Example: The time complexity of multiplication of a vector of length \(n\) by an \(n\times n\) matrix is \(\mathcal{O}(n^2)\). To see this, note that multiplying a matrix and a vector requires \(n\) dot products, one for each row. We just determined that each dot product entails \(2n-1\) elementary operations, so matrix-vector multiplication must require \(n(2n-1) = 2n^2 - n\) or in big-O notation is \(\mathcal{O}(n^2)\).

Example: Building on the last two examples, we can infer that matrix multiplication is \(\mathcal{O}(n^3)\) (assuming the matrices are both \(n\times n\)). We have \(2n^3 - n^2\) operations required for each column of the matrix on the right in the multiplication, and there are \(n\) of those columns, which leads to \(n(2n^2 - n) = 2n^3 - n^2\) operations. Note: This cost only applies to matrix multiplication as done using the ‘row method’ that we usually use when working by hand. In fact there are faster, though far less intuitive methods, and you can refer to the optional section on faster matrix multiplication for details on this. Finding still faster ways to multiply matrices is an active area of research in mathematics and computer science.

Time Complexity of Gaussian Elimination

Gaussian elimination is expensive also: the forward pass (reducing \(A\) to an upper-triangular matrix) is \(\mathcal{O}(n^3)\). It follows that \(A= LU\) is also \(\mathcal{O}(n^3)\). To see this, consider the elimination steps that occur at the \(k^{th}\) pivot:

• For each row \(j\) of the \(n-k\) rows below, calculate the multiplier \(m_{jk} = a_{jk}/a_{kk}\) that row \(k\) will be multiplied by to zero out \(a_{jk}\). (1 division)

• Multiply all of the \(n-k+1\) nonzero entries in row \(k\) by \(m_{jk}\) (\(n-k + 1\) multiplications)

• Subtract the nonzero entries produced above from the nonzero entries in row \(j\) (\(n-k + 1\) subtractions)

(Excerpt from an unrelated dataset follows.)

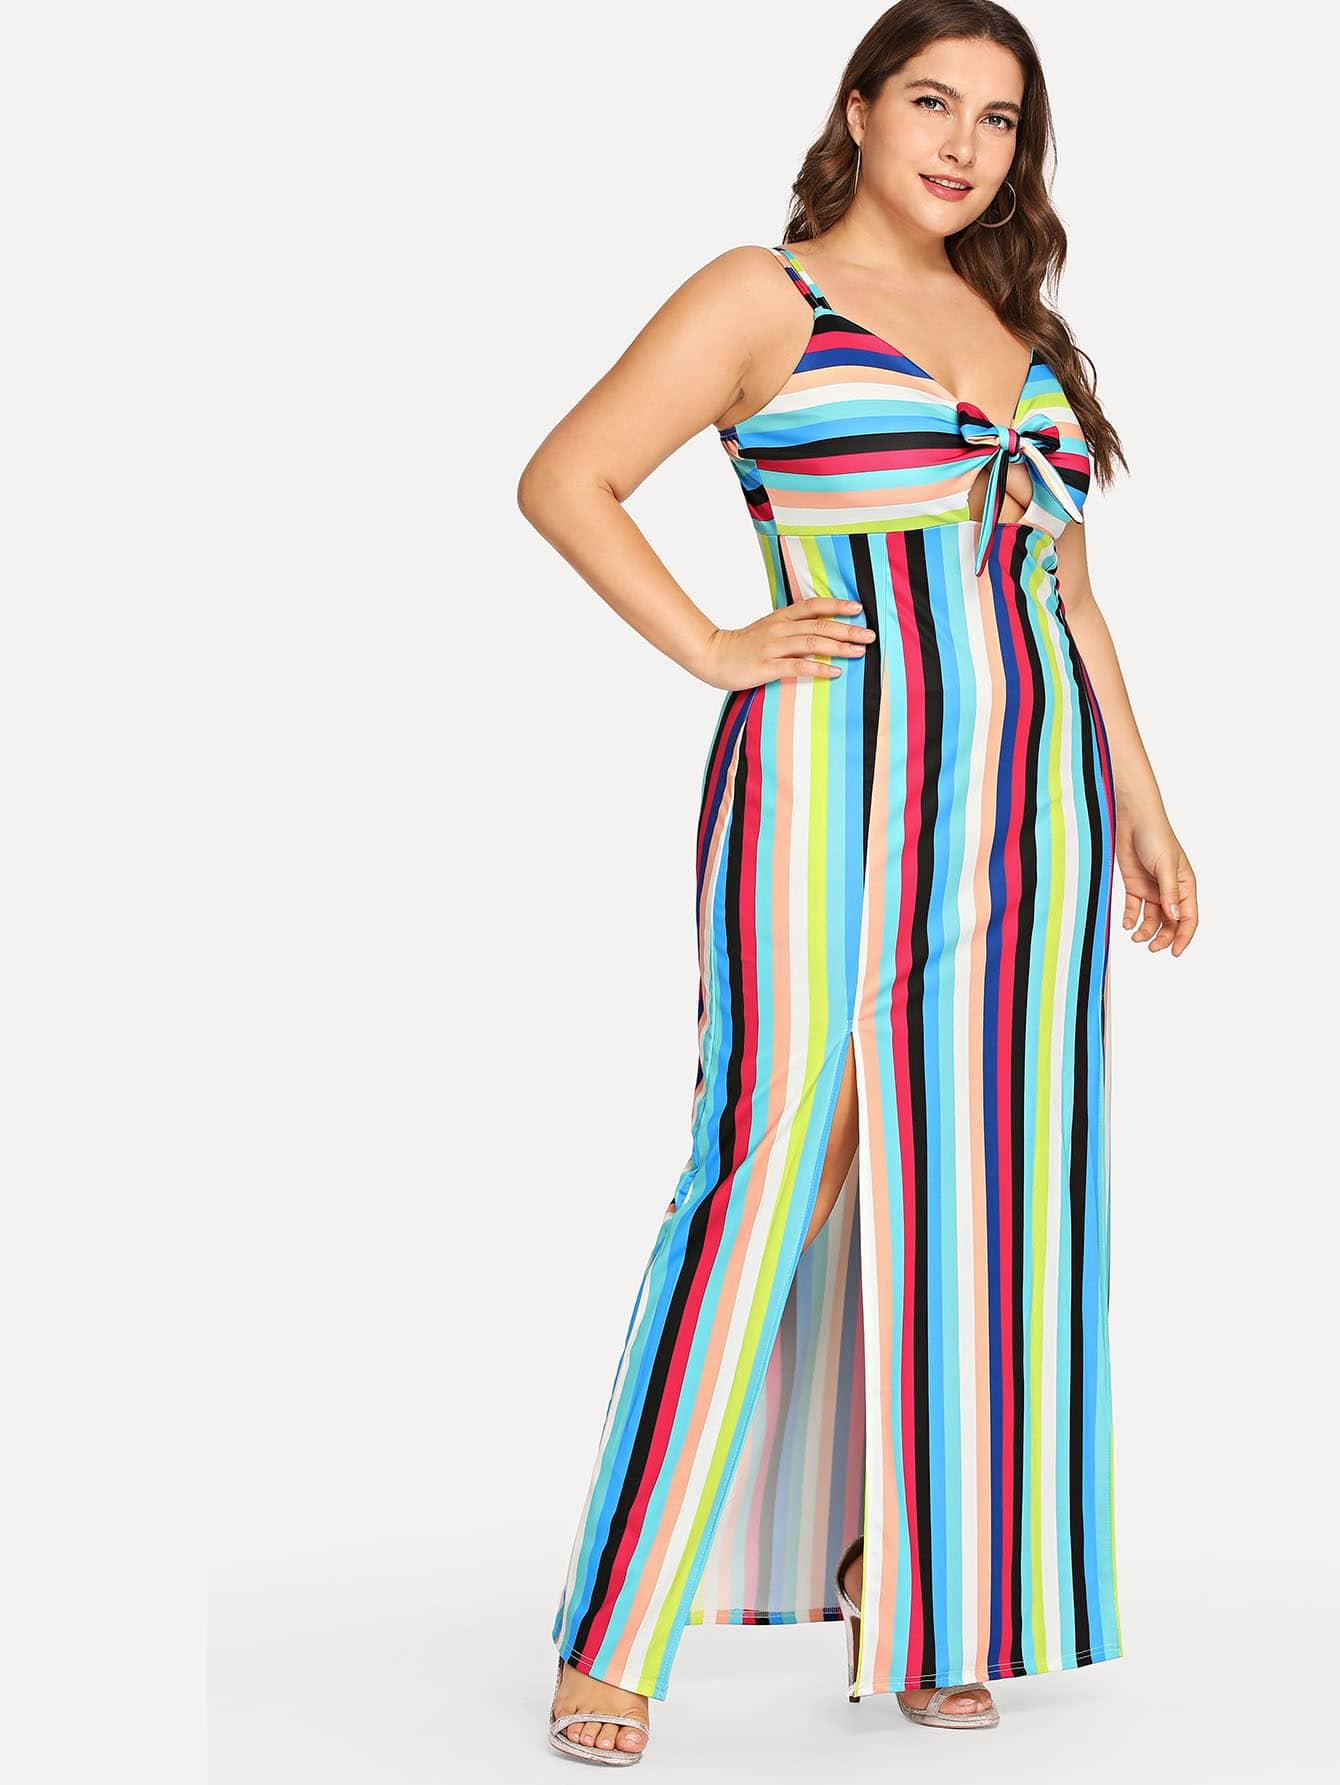 Купить Большое полосатое платье без бретелек и с высоком воротником, Franziska, SheIn

For a single row \(j\), then, we have \(2(n-k + 1) + 1\) operations needed in order to eliminate an entry. We have \(n-k\) rows below the \(k^{th}\) pivot, so for this pivot we have a total of \((n-k)(2(n-k+1) + 1)\) operations to perform.

Finally, we need to do all of these operations for each row, \(1 \leq k \leq n\). That gives

\[ \sum_{k=1}^n (n-k)(2n-2k+3) \]

elementary operations to perform in total.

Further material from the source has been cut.